Exercise data ->
__________

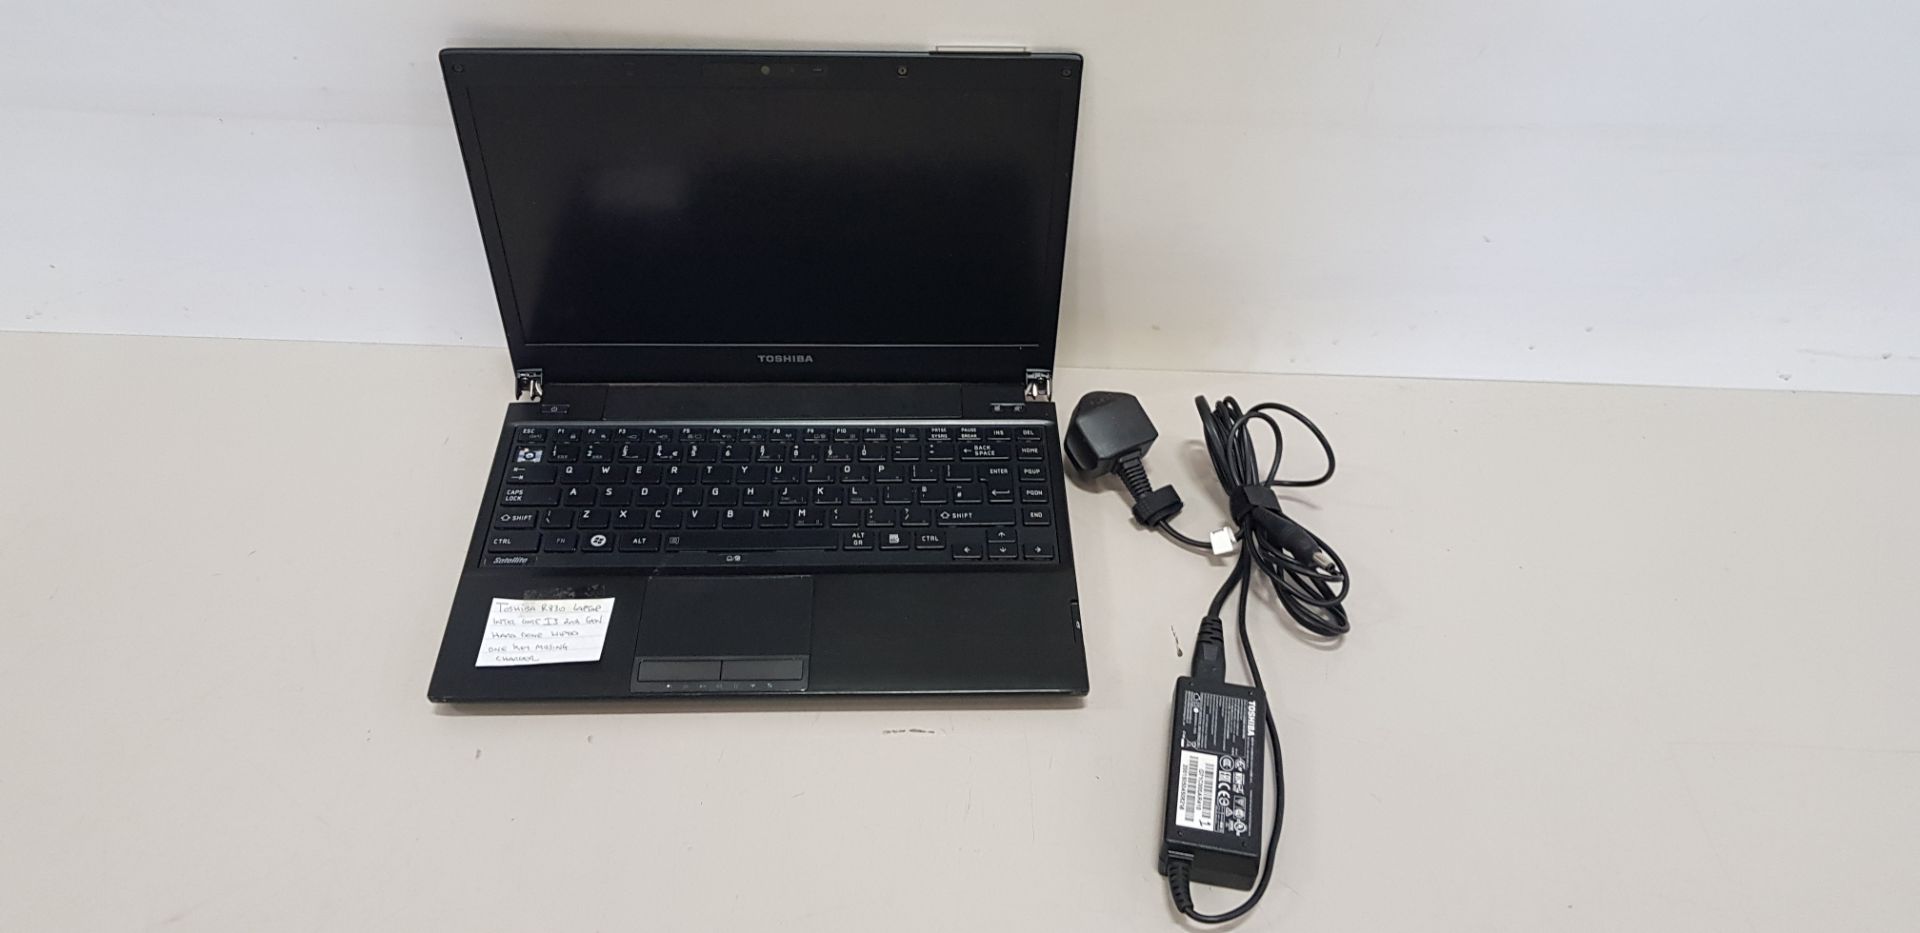 TOSHIBA R830 LAPTOP - INTEL CORE I3 2ND GEN - HARD DRIVE WIPED - COMES WITH CHARGER ( PLEASE NOTE
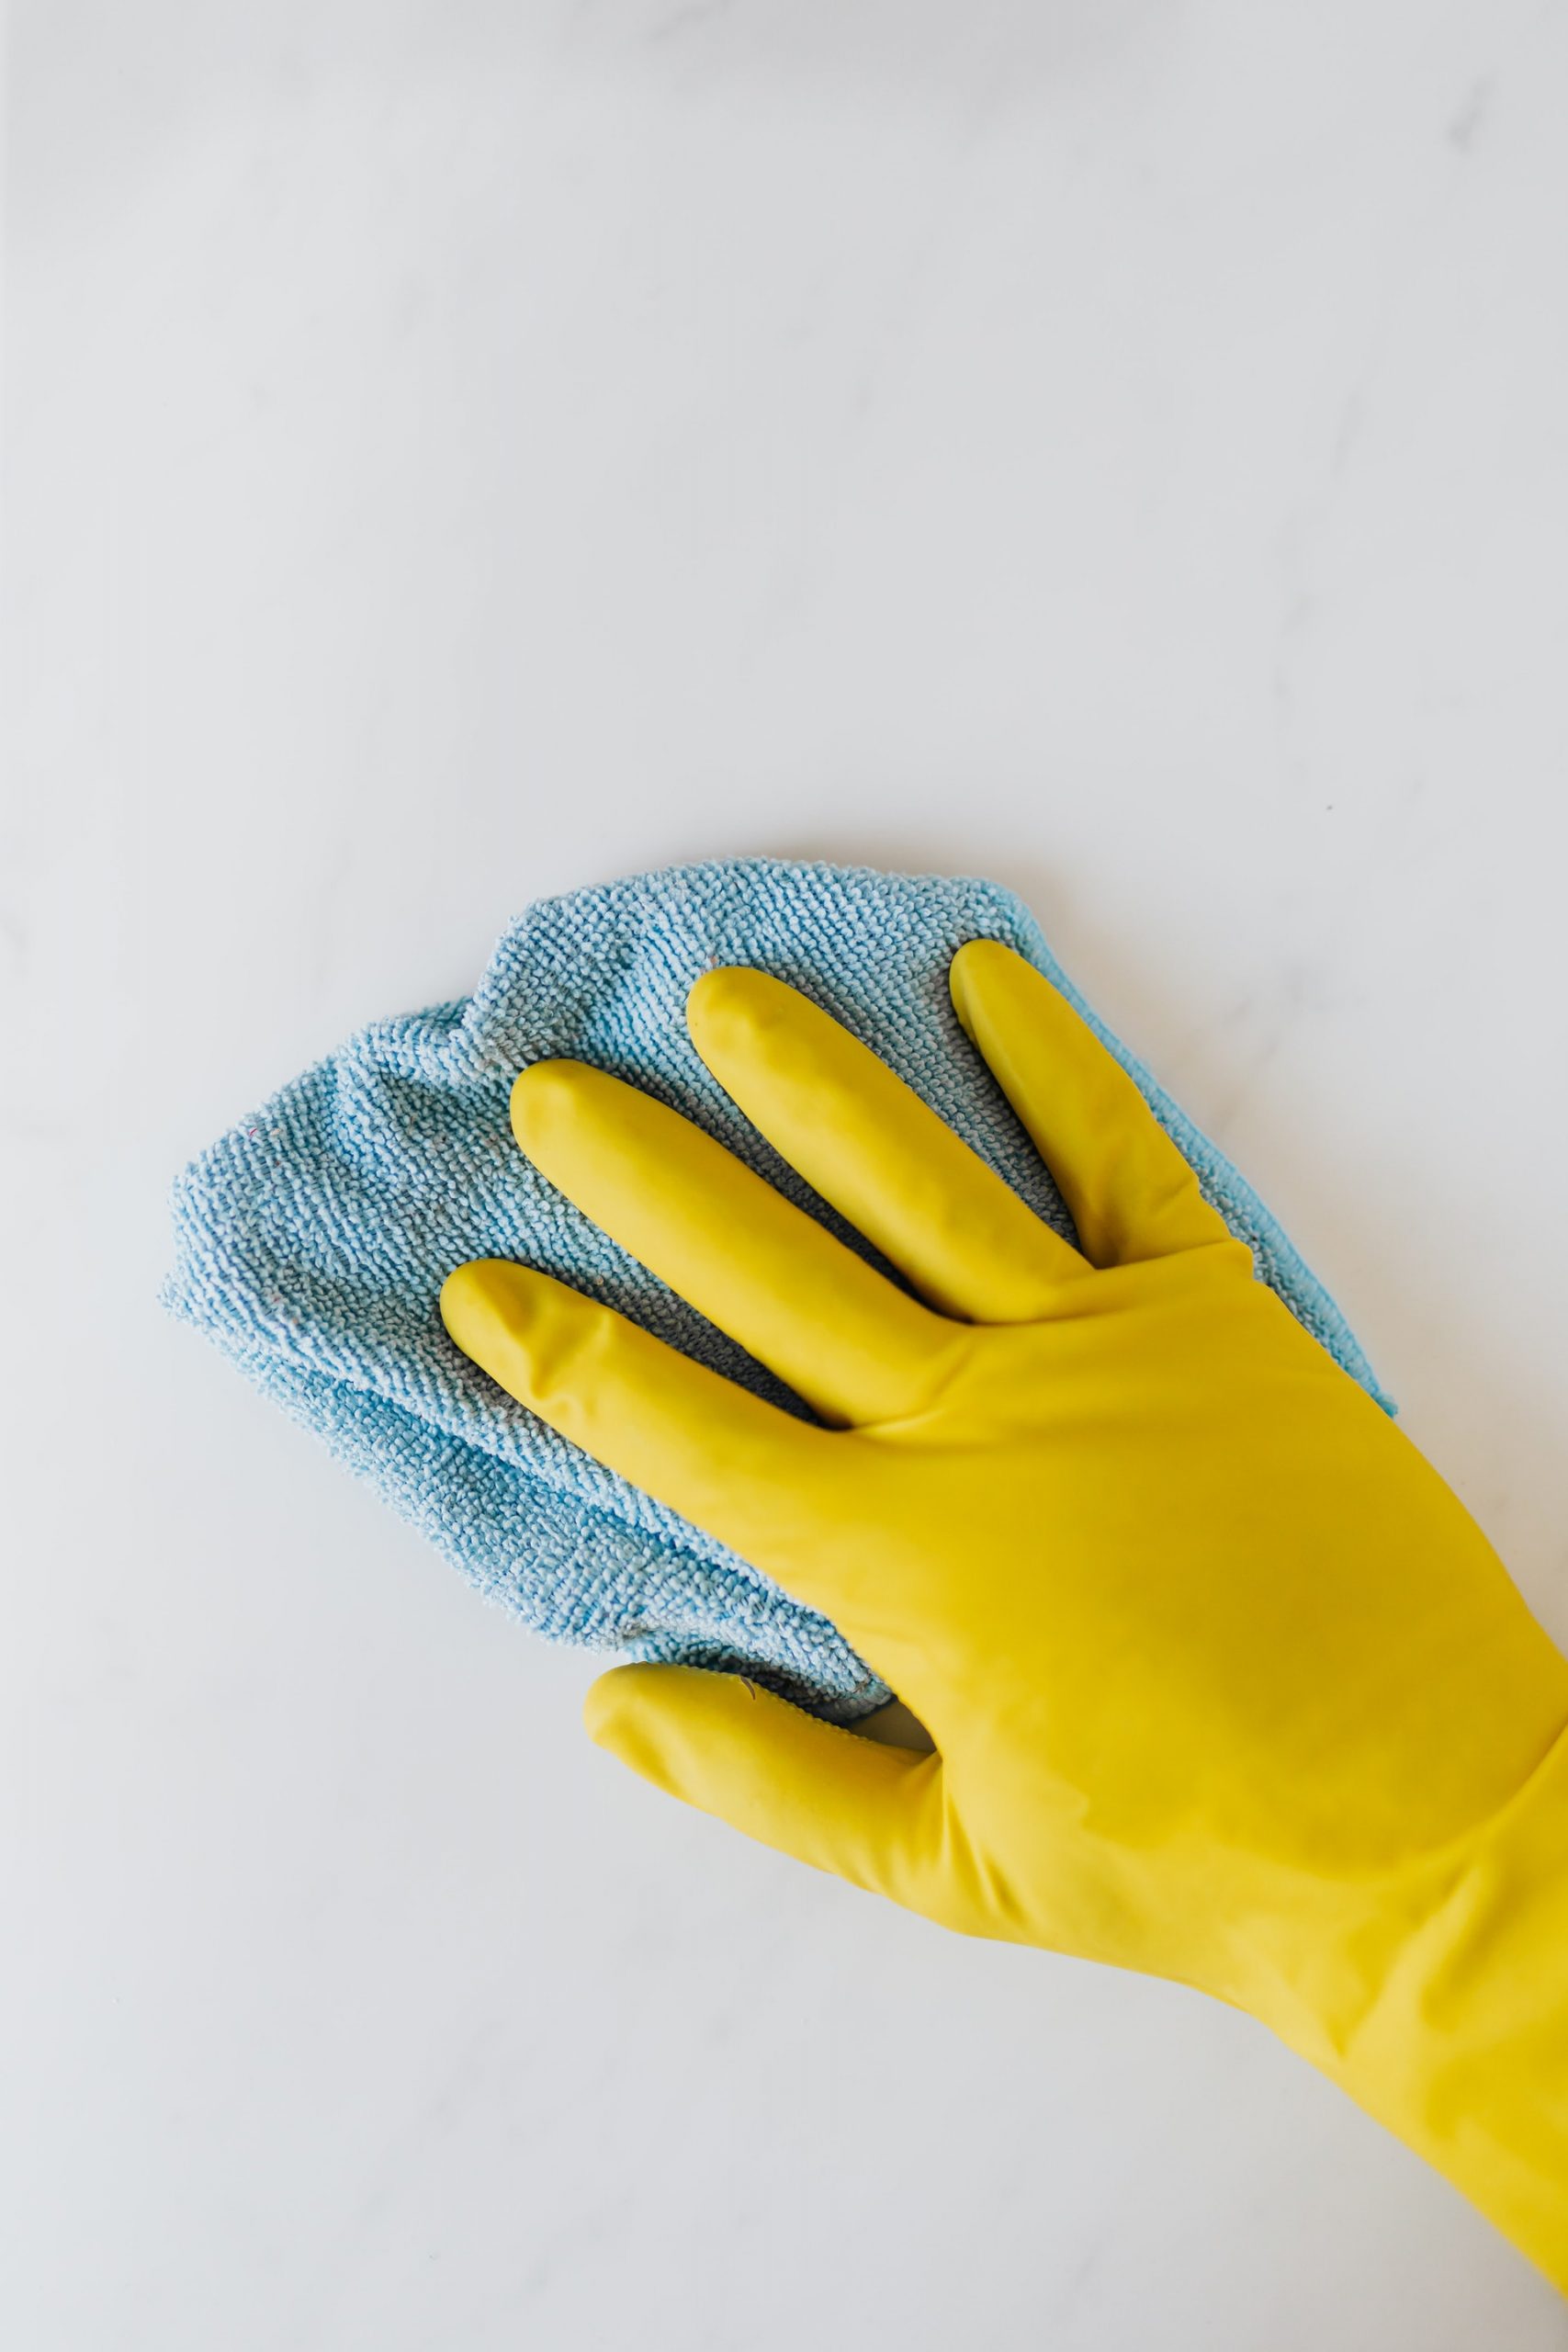 12 Reasons Why Every Company Should Hire a Cleaning Service
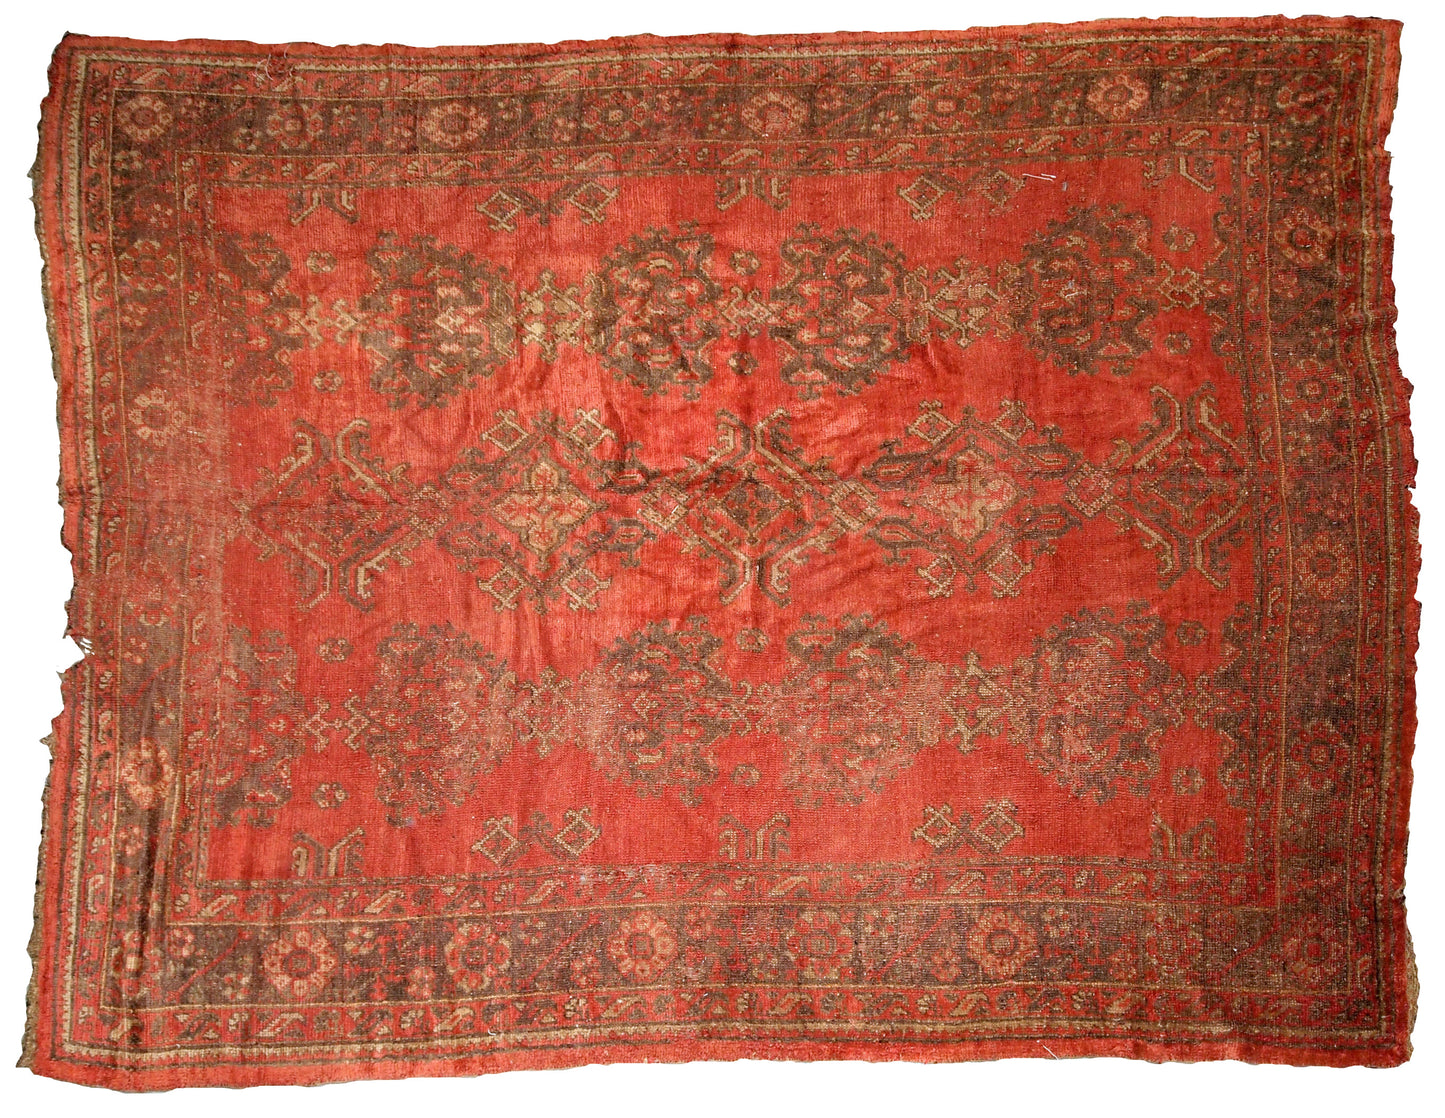 Antique handmade Turkish rug in orange color. The rug is from the beginning of 20th century in original condition, it has some signs of age.

__________

Problem to work on -> Write out all the material above exactly, with no image carried over.

Result of this exercise ->
 TOSHIBA R830 LAPTOP - INTEL CORE I3 2ND GEN - HARD DRIVE WIPED - COMES WITH CHARGER ( PLEASE NOTE
 12 Reasons Why Every Company Should Hire a Cleaning Service
 Antique handmade Turkish rug in orange color. The rug is from the beginning of 20th century in original condition, it has some signs of age.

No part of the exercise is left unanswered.